We start generating this data before we are born, when technologies detect us in utero, and our data will continue to proliferate even after we die. Of course, our consciously created memories, the records that we choose to keep, comprise just a sliver of the information that has been wrung out of our lives—most of it unconsciously, or without our consent—by business and government surveillance. We are the first people in the history of the planet for whom this is true, the first people to be burdened with data immortality. This is why we have a special duty. We must ensure that these records of our pasts can’t be turned against us, or turned against our future children.

Today, a generation that wasn’t yet born when 9/11 took place, those whose entire lives have been spent under the omnipresent specter of this surveillance, is championing privacy. Their political creativity and technological ingenuity give me hope. You, the readers of this book, give me hope.

If we don’t reclaim our data now, future generations might not be able to do so. Then they, and their children, will be trapped, too.

Who among us can predict the future? Who would dare to? The answer to the first question is no one, really, and the answer to the second is everyone, especially every government and business on the planet. This is what that data of ours is used for. Algorithms analyze it for patterns of established behavior. A website that tells you that because you liked this book you might also like books by author A or author B isn’t offering an educated guess as much as a tool of subtle pressure and influence.

We can’t allow ourselves to be used in this way. We can’t permit our data to be used against us. We can’t let the godlike surveillance we’re under be used to “predict” our criminal activity. And as for our genetic information, our most intimate data: If we allow it to be used to identify us, then it will be used to victimize us, even to modify us.

Of course, all of the above has already happened.

* * *

Exile: When people ask me what my life is like now, I tend to answer that it’s a lot like theirs in that I spend a lot of time in front of the computer—reading, writing, interacting. From what the press likes to describe as an “undisclosed location”—which is really just whatever two-bedroom apartment in Moscow I happen to be renting—I beam myself onto stages around the world, speaking about the protection of civil liberties in the digital age to audiences of students, scholars, lawmakers, and technologists.

Some days I take virtual meetings. Other days I just pick up some Burger King. One fixture of my existence is my daily check-in with my American lawyer, confidant, and all-around consigliere Ben Wizner at the ACLU, who has been my guide to the world as it is and puts up with my musings about the world as it should be.

That’s my life. It got significantly brighter during the freezing winter of 2014, when Lindsay came to visit—the first time I’d seen her since Hawaii.

From the moment she arrived, my world was hers. Previously, I’d been content to hang around indoors—indeed, that was my preference—but Lindsay was insistent: She’d never been to Russia, and now we were going to be tourists together.

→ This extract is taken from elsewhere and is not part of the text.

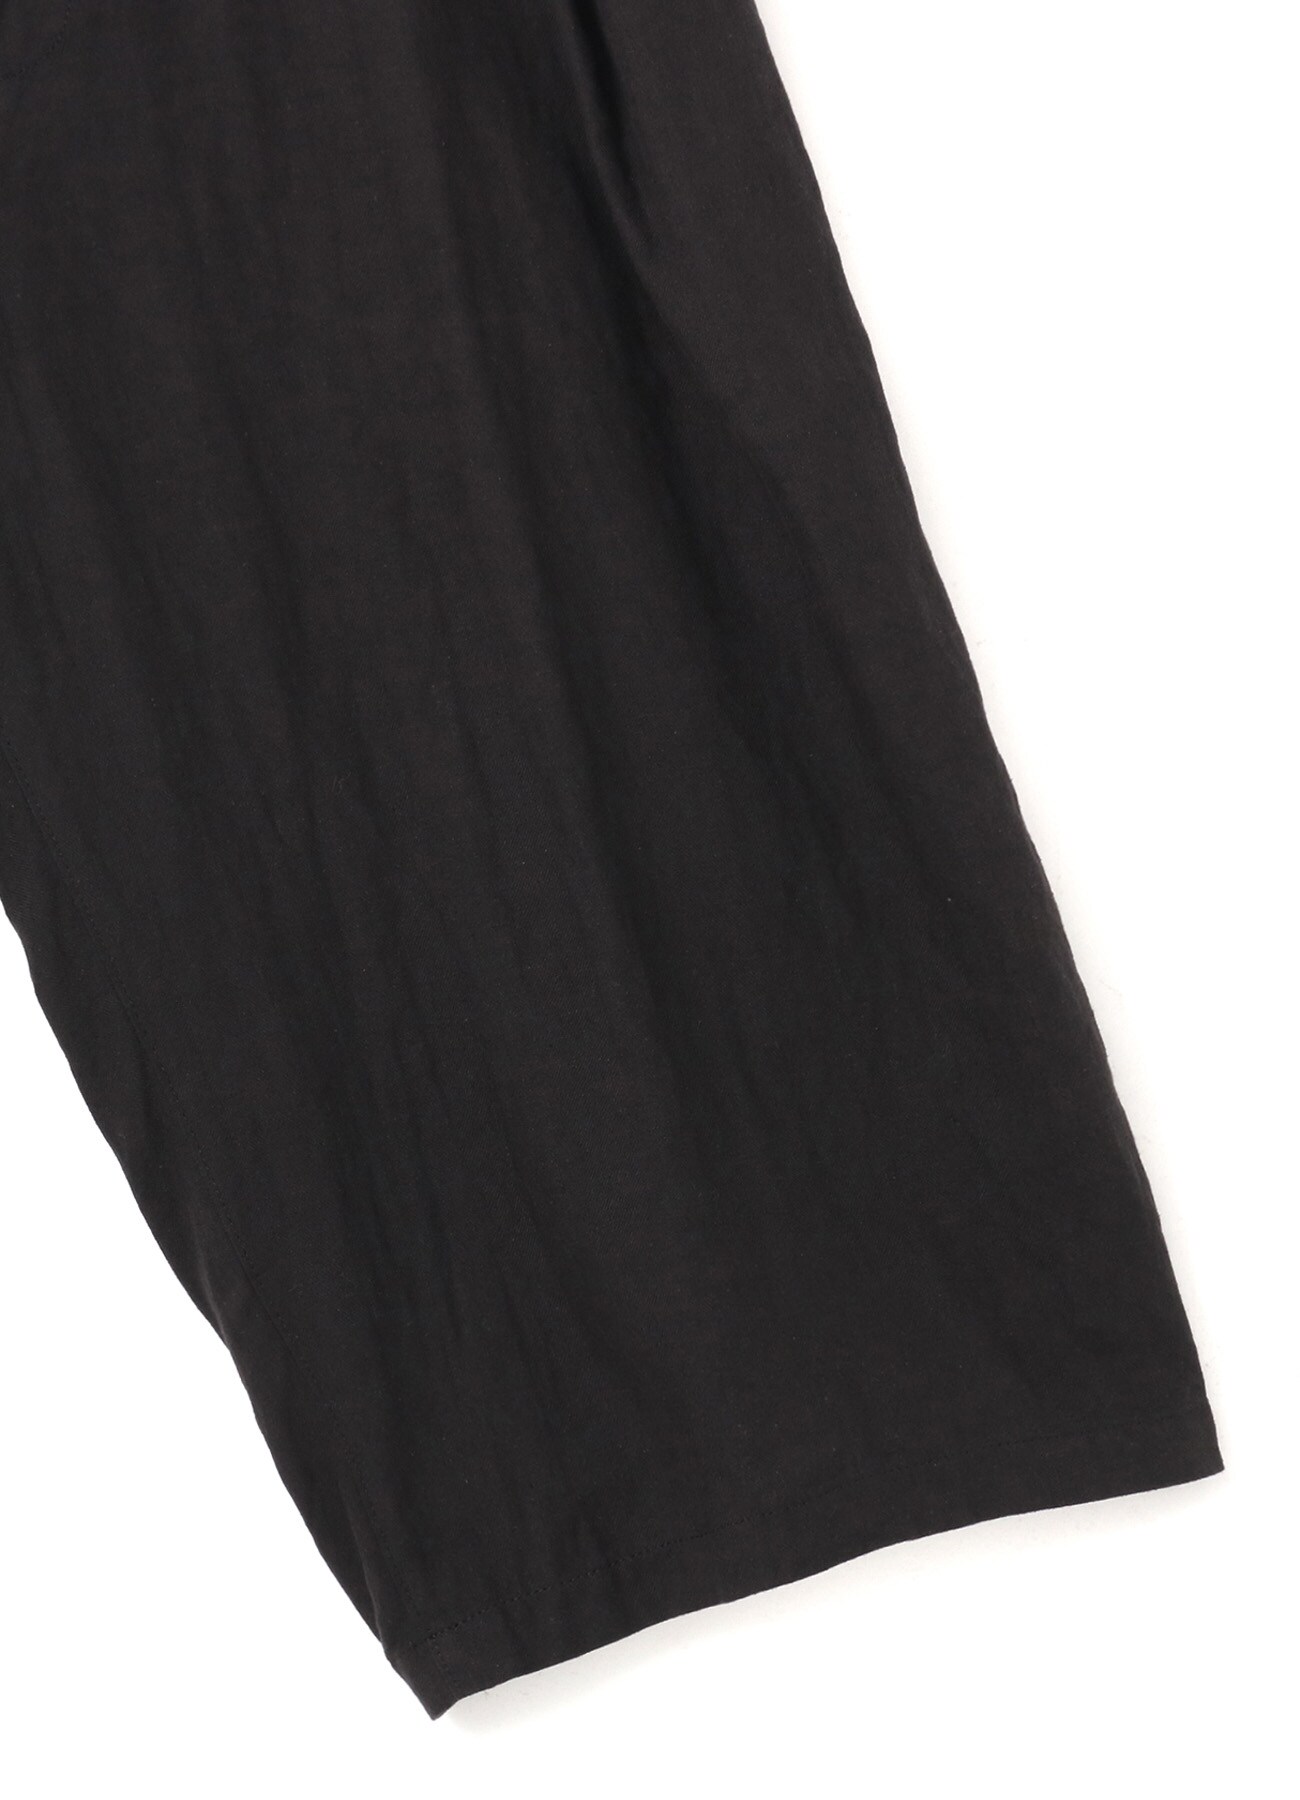 Li/C Washer Twill Indian Arabesque Pattern Layer One Tack 6-quarter-length Wrap Pants

My Russian lawyer, Anatoly Kucherena, who helped me get asylum in the country, arranged two box seats at the Bolshoi Theatre. Lindsay and I got dressed and went, though I have to admit I was wary. There were so many people, all packed so tightly into a hall. Lindsay could sense my growing unease. As the lights dimmed and the curtain rose, she leaned over, nudged me in the ribs, and whispered, “None of these people are here for you. They’re here for this.”

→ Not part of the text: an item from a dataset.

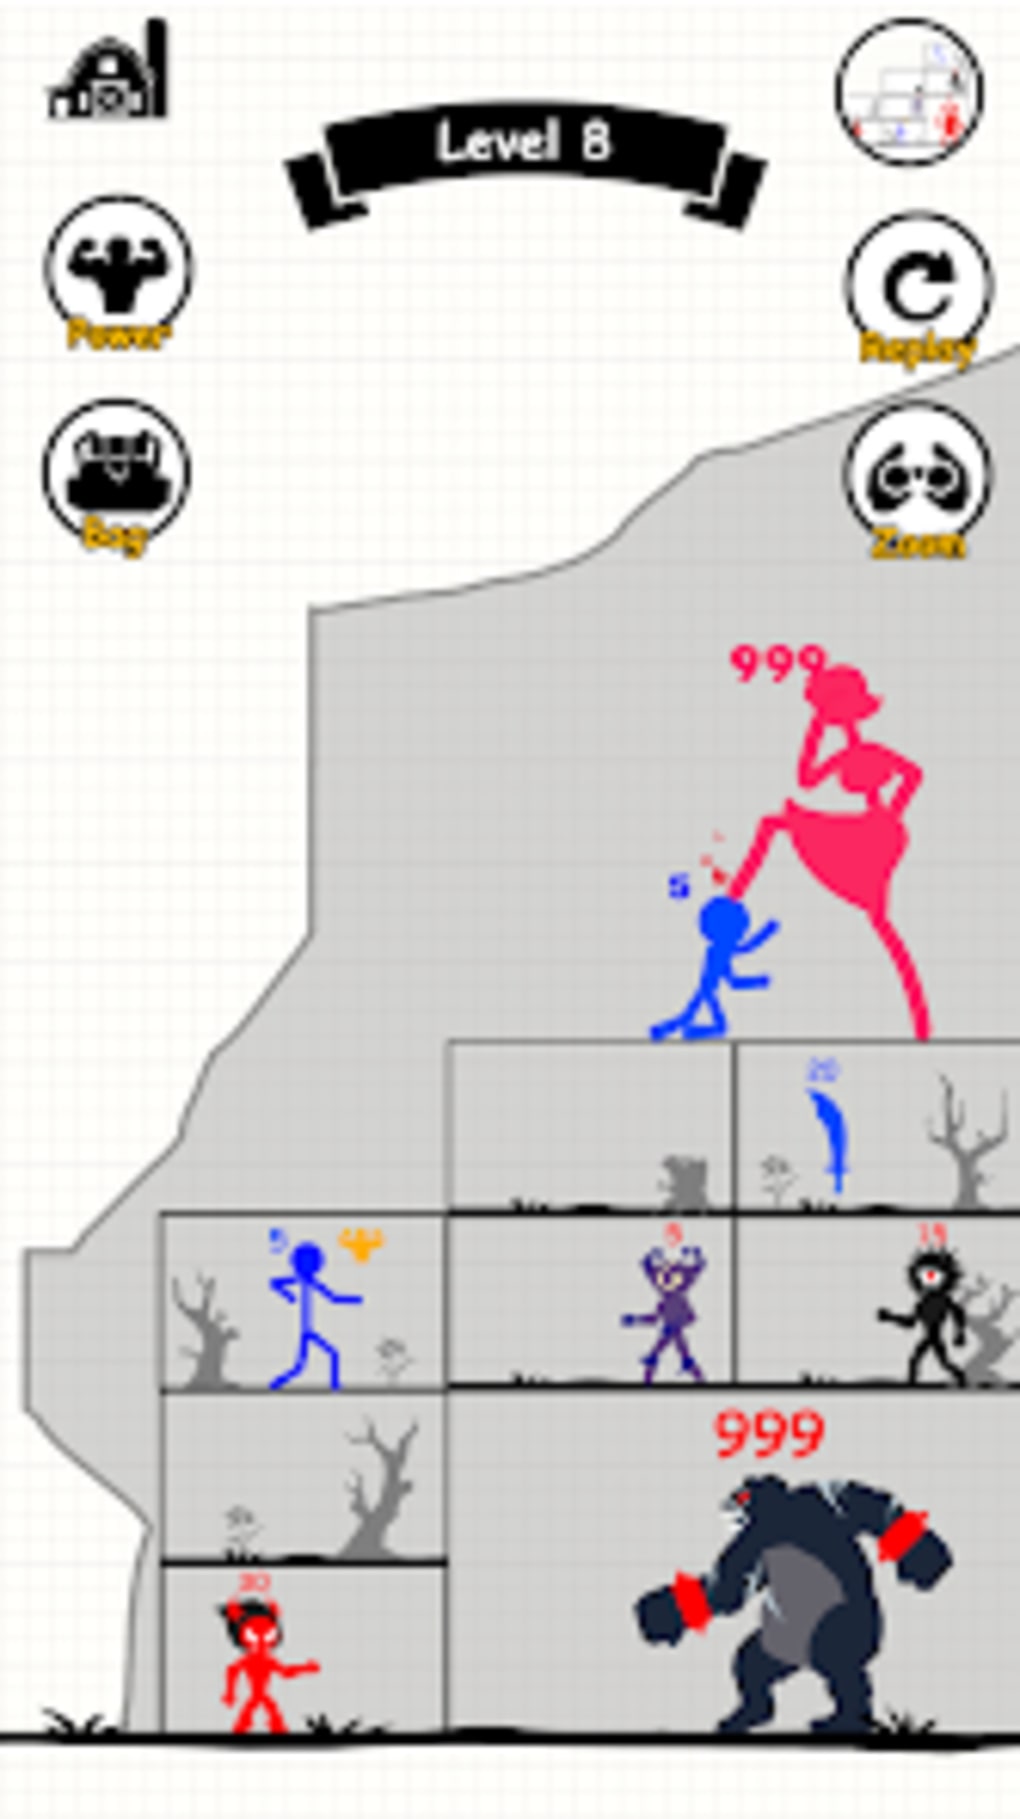 Stick Fight: The Game Online APK pour Android Télécharger

Lindsay and I also spent time at some of Moscow’s museums. At the Tretyakov Gallery, a young tourist, a teenage girl, suddenly stepped between us. This wasn’t the first time I’d been recognized in public, but given Lindsay’s presence, it certainly threatened to be the most headline worthy. In German-accented English, the girl asked whether she could take a selfie with us. I’m not sure what explains my reaction, but without hesitation, for once, I agreed. Lindsay smiled as the girl posed between us and took a photo. Then, after a few sweet words of support, she departed.